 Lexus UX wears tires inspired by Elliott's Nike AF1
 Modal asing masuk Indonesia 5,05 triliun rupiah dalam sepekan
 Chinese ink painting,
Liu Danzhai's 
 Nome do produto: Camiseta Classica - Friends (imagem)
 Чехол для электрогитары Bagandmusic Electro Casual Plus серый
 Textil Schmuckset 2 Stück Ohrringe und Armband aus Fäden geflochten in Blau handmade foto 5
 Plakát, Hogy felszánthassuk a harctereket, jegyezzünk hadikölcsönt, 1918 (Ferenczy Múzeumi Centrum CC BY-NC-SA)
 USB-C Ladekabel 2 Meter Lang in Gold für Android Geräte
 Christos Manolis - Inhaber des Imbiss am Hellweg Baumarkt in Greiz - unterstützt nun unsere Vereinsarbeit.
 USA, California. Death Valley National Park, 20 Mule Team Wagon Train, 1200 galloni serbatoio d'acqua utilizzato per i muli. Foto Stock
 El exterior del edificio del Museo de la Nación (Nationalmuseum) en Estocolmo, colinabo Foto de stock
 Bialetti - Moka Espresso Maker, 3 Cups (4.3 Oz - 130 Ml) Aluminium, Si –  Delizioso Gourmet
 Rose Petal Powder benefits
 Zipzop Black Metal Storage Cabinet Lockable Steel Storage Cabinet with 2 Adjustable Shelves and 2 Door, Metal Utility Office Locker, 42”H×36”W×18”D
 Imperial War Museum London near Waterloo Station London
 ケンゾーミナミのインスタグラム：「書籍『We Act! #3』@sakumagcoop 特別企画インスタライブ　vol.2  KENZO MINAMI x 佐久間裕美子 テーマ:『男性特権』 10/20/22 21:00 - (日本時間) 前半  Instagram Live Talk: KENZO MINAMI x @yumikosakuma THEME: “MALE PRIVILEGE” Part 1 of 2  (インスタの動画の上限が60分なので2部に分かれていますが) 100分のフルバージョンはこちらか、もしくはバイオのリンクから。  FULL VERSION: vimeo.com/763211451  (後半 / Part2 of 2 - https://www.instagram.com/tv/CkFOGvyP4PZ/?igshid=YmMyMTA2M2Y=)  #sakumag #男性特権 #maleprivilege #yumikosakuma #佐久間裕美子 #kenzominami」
______
Task requirements – For this task, copy exactly the line with "Plakát, Hogy felszánthassuk" and the lines that come after it, stopping at the end of the material above.

Written solution –
 Plakát, Hogy felszánthassuk a harctereket, jegyezzünk hadikölcsönt, 1918 (Ferenczy Múzeumi Centrum CC BY-NC-SA)
 USB-C Ladekabel 2 Meter Lang in Gold für Android Geräte
 Christos Manolis - Inhaber des Imbiss am Hellweg Baumarkt in Greiz - unterstützt nun unsere Vereinsarbeit.
 USA, California. Death Valley National Park, 20 Mule Team Wagon Train, 1200 galloni serbatoio d'acqua utilizzato per i muli. Foto Stock
 El exterior del edificio del Museo de la Nación (Nationalmuseum) en Estocolmo, colinabo Foto de stock
 Bialetti - Moka Espresso Maker, 3 Cups (4.3 Oz - 130 Ml) Aluminium, Si –  Delizioso Gourmet
 Rose Petal Powder benefits
 Zipzop Black Metal Storage Cabinet Lockable Steel Storage Cabinet with 2 Adjustable Shelves and 2 Door, Metal Utility Office Locker, 42”H×36”W×18”D
 Imperial War Museum London near Waterloo Station London
 ケンゾーミナミのインスタグラム：「書籍『We Act! #3』@sakumagcoop 特別企画インスタライブ　vol.2  KENZO MINAMI x 佐久間裕美子 テーマ:『男性特権』 10/20/22 21:00 - (日本時間) 前半  Instagram Live Talk: KENZO MINAMI x @yumikosakuma THEME: “MALE PRIVILEGE” Part 1 of 2  (インスタの動画の上限が60分なので2部に分かれていますが) 100分のフルバージョンはこちらか、もしくはバイオのリンクから。  FULL VERSION: vimeo.com/763211451  (後半 / Part2 of 2 - https://www.instagram.com/tv/CkFOGvyP4PZ/?igshid=YmMyMTA2M2Y=)  #sakumag #男性特権 #maleprivilege #yumikosakuma #佐久間裕美子 #kenzominami」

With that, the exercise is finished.